The running dispute over water and sewer service fees between the Liberty County Development Authority and Midway was a murky subject Monday during the LCDA board’s fiscal year 2013 budget workshop.
Board member Al Williams brought the issue up while discussing the $304,971 water and sewer operations budget. Each entity owes the other funds related to services as early as 2006, but the organizations have yet to agree on certain details.
County Chairman John McIver said the Midway City Council is discussing it with its attorney James Coppage, but Williams said council members told him they have not heard from Coppage in months.
After discussion, LCDA attorney Kelly Davis said that he and Coppage have been in talks, but Coppage has been out of town for the last 10 days.
Previous Courier reports state that Midway Mayor Dr. Clemontine Washington reported a lack of progress toward settling the dispute and that Coppage said he has been unable to meet with Davis.
On Monday, Davis said the attorneys recently discussed enlisting a third party from the Georgia Rural Water Association, which serves both parties.
Williams said the message he is getting from council members is not consistent with what attorneys are conveying.

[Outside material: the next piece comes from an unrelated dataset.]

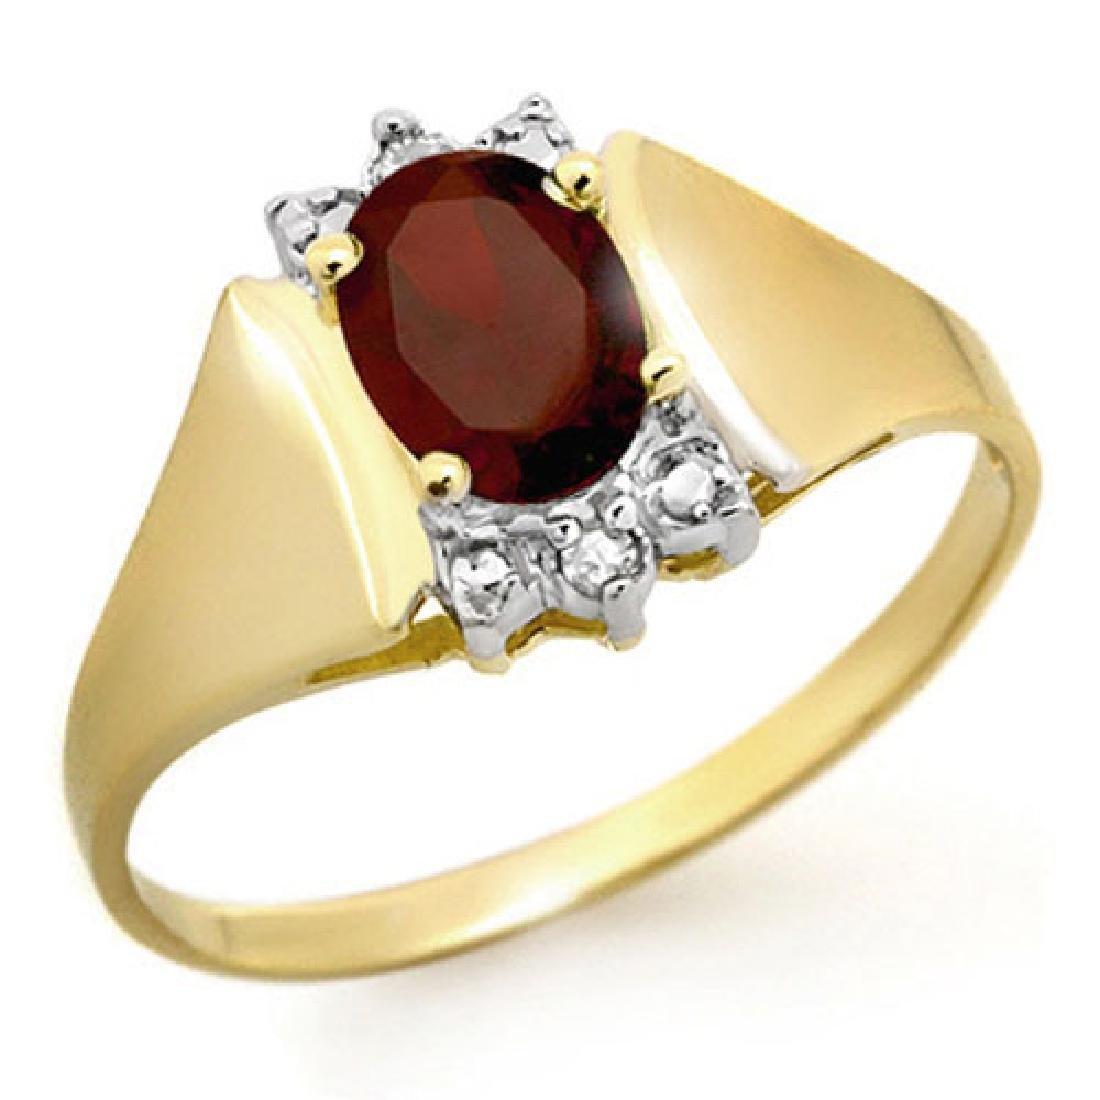 1.03 CTW Garnet & Diamond Ring 10K Yellow Gold

LCDA CEO Ron Tolley said the messages sent through attorneys have not been consistent with the Courier’s coverage of Midway City Council meetings.
“(Third-party mediation) is something you had proposed a while back, like in December, but they had rejected it,” Tolley said. “But then I saw a later article in the newspaper more recently that indicated that they wanted to go to arbitration.”
Williams said that no one has suggested the idea of calling on Georgia Rural Water Association to the Midway council.
“I don’t want to discuss it too much, because litigation has been threatened, or at least discussed, but all I can say is that we both feel that it would be productive … Hopefully, both parties will meet and we can work out something,” Davis said.
McIver asked whether it was out of order for the board to discuss the issue, since it was not listed on the agenda, but Secretary Brian Smith said the issue directly affects the budget, as the funds owed and anticipated are accounted for in the proposal.
A $20,000 legal fee is also proposed, which Cole said assumes work related to the Midway agreement. In contrast, the FY12 budget projected $5,000 in legal services related to the water/sewer operations budget, and no funds have been expended for that purpose.
The operations budget anticipates $6.415 million in revenues and expenditures, up from a proposed $5.937 million in FY12.
Revenue changes include calling on $1.625 million from fund balance and increased property taxes, leasing an additional office in the building to Strategic Business Solutions and leasing to Florapharm in Hinesville Technology Park.
Florapharm’s presence also reduces maintenance costs at the park from $51,935 in projected end-year costs to $8,584 in FY13.
Debt service payments account for about $3.832 million, with a $1.335 million payment toward SunTrust Loan C, which covers the stalled water reclamation facility at Tradeport East.
Salaries and wages decreased from the current budget but increased from the projected end-year, moving from $319,082 to $335,929 to accommodate a 3 percent cost-of-living adjustment and to place 2 percent in reserve for potential merit use later.
LCDA Finance and Administration Director Carmen Cole gave an overview of the highlights from fiscal year 2012, which ends June 30. Cole said the authority will see a 35 percent increase in revenues to $7.290 million. The rise stems from an 11 percent increase in property taxes collected, a $1.79 million federal grant and $1.1 million in timber sales.
The LCDA also cut expenses by about 12 percent to $4.264 million due to administrative moves and alterations to facility maintenance.
The board will formally adopt the FY13 budget during its June 25 meeting at 8:30 a.m.
In other news, the LCDA also:
• approved a $122 million bond issuance to Firth Rixson Forgings for facility expansions that will accommodate increased output and more employees. Under the agreement, Firth Rixson will receive abatement from ad valorem taxes in exchange with meeting employment quotas, while the LCDA will draw 1/8 of a percent on the bond, a potential revenue stream of $152,000.